However, in such a thin film head slider, since the thin-film head chip 9 is surface-mounted on the air bearing surface of the slider part 2, the air bearing surface of each terminal of the coil for exciting the magnetic core of the thin film head 8 ₁ ~8n If it is pulled out from the outside, there is a risk that the lead wiring will come into contact with the medium drum.

In view of the above points, the present invention has been made to solve such a problem, and its purpose is to externally connect the exciting coil terminal of the thin film head chip mounted on the slider body to the outside. It is an object of the present invention to provide a thin film head slider which prevents the lead wiring from coming into contact with the medium drum when it is pulled out.

[0015]

[Means for Solving the Problems]

 In order to achieve the above object, the present invention provides a thin film head slider for flying a thin film head by rotation of a media drum, wherein at least two side rails are provided to generate a positive levitation force on a surface with respect to the media drum. It consists of a slider part formed and a thin-film head chip mounted between the side rails of this slider part. This thin-film head chip consists of a coil that excites its magnetic core. Each via hole is to be pulled out to the outside, connecting terminals are formed on the peripheral surfaces of these via holes, and the lead wires are connected to these connecting terminals.

[0016]

[Action]

 Therefore, in the present invention, each terminal for the exciting coil of the thin film head chip mounted on the slider portion can be taken out from the side opposite to the air bearing surface of the medium drum.

[0017]

【Example】

 Next, an embodiment of the present invention will be described with reference to the drawings. 1A and 1B show an embodiment of a thin film head slider according to the present invention. FIG. 1A is a schematic perspective view thereof, FIG. 1B is a partial side view thereof, and FIG. 1C is a pair of wirings. FIG. 3 is a pattern diagram of a connection terminal portion for use in the above. FIG. 2 is an enlarged plan view of the thin film head chip of FIG. As shown in FIGS. 1 and 2, the thin film head slider of this embodiment has a double-sided rail having at least two side rails 7 for generating a positive levitation force on the surface with respect to the magnetic drum 1 (see FIG. 3). The body type slider portion 2 and the thin film head chip 9a mounted on the center portion between the side rails 7 of the slider portion 2 are provided.

[0018] Then, the thin film head chip 9a is essentially made of a plurality of horizontal thin film head 8 ₁ ~8n having the same planar structure as FIG. 5 described above on the magnetic them thin film heads 8 ₁ ~8n internal terminals of each coil for exciting the core is drawn out to the outside of the air bearing surface 15 that faces surface via a pair of via holes 12 ₁ ~12n. Furthermore, on the peripheral surfaces of these via holes 12 _{1 to} 12 n, wiring connection terminals (lands) 13 _{1 to} 13 n (not shown) are provided corresponding to the respective exciting coils in the thin film heads 8 ₁ to 8 n. Are formed, and by connecting the lead wires 14 to these connection terminals 13 ₁ to 13 n, the exciting coil terminals of the respective thin film heads 8 _{1 to} 8 n are taken out.

In this case, the slider portion 2 is made of a non-magnetic material, and a groove 10 having a depth such that the levitation force can be ignored is formed between the side rail 7 and the thin film head chip 9a. Further, the thin film head chip 9a on the slider portion 2 is placed with its end surface protruding so that each lead-out wiring 14 can be taken out easily. Further, in the thin film head chip 9a, the gap positions of the thin film heads 8 _{1 to} 8n are aligned with the minimum clearance position 11 with the magnetic drum in order to improve electromagnetic conversion efficiency. In FIG. 1, the same or corresponding parts as those in FIGS. 3 to 5 are designated by the same reference numerals.
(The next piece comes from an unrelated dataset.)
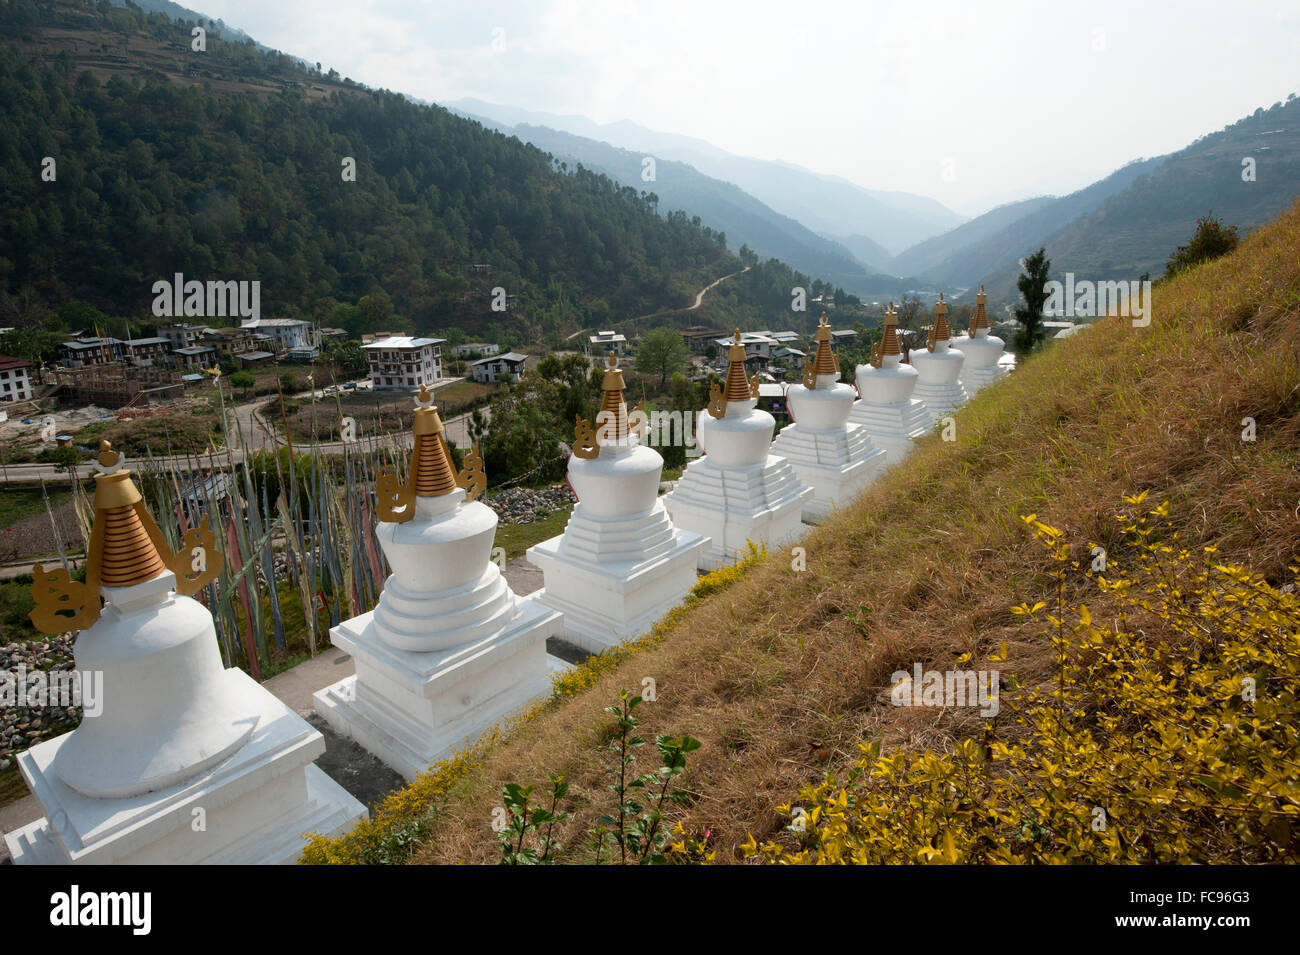 Rangée de chortens blancs à l'entrée de Rangjung monastère bouddhiste dans les belles collines au-dessus de l'Est du Bhoutan, Trashigang Banque D'Images

As described above, according to the present embodiment, each terminal for the exciting coil of the thin film head chip 9 a mounted on the slider portion 2 can be taken out from the side opposite to the air bearing surface 15 of the magnetic drum. The lead-out wiring 14 does not contact the magnetic drum. Further, since the levitation force of the thin film head chip 9a sandwiched between the side rails 7 having the thin film heads 8 _{1 to} 8n, that is, the head surface 9a can be effectively reduced as compared with the levitation force of the side rail 7, it can be neglected. Even if the thin film head has multiple channels and the width of the thin film head chip 9a having these thin film heads becomes large, the total flying force of the slider is not increased. Therefore, damage to the magnetic drum and the head can be reduced, and the thin film head slider can be stably levitated without lowering the restoring force of the inclination of the slider.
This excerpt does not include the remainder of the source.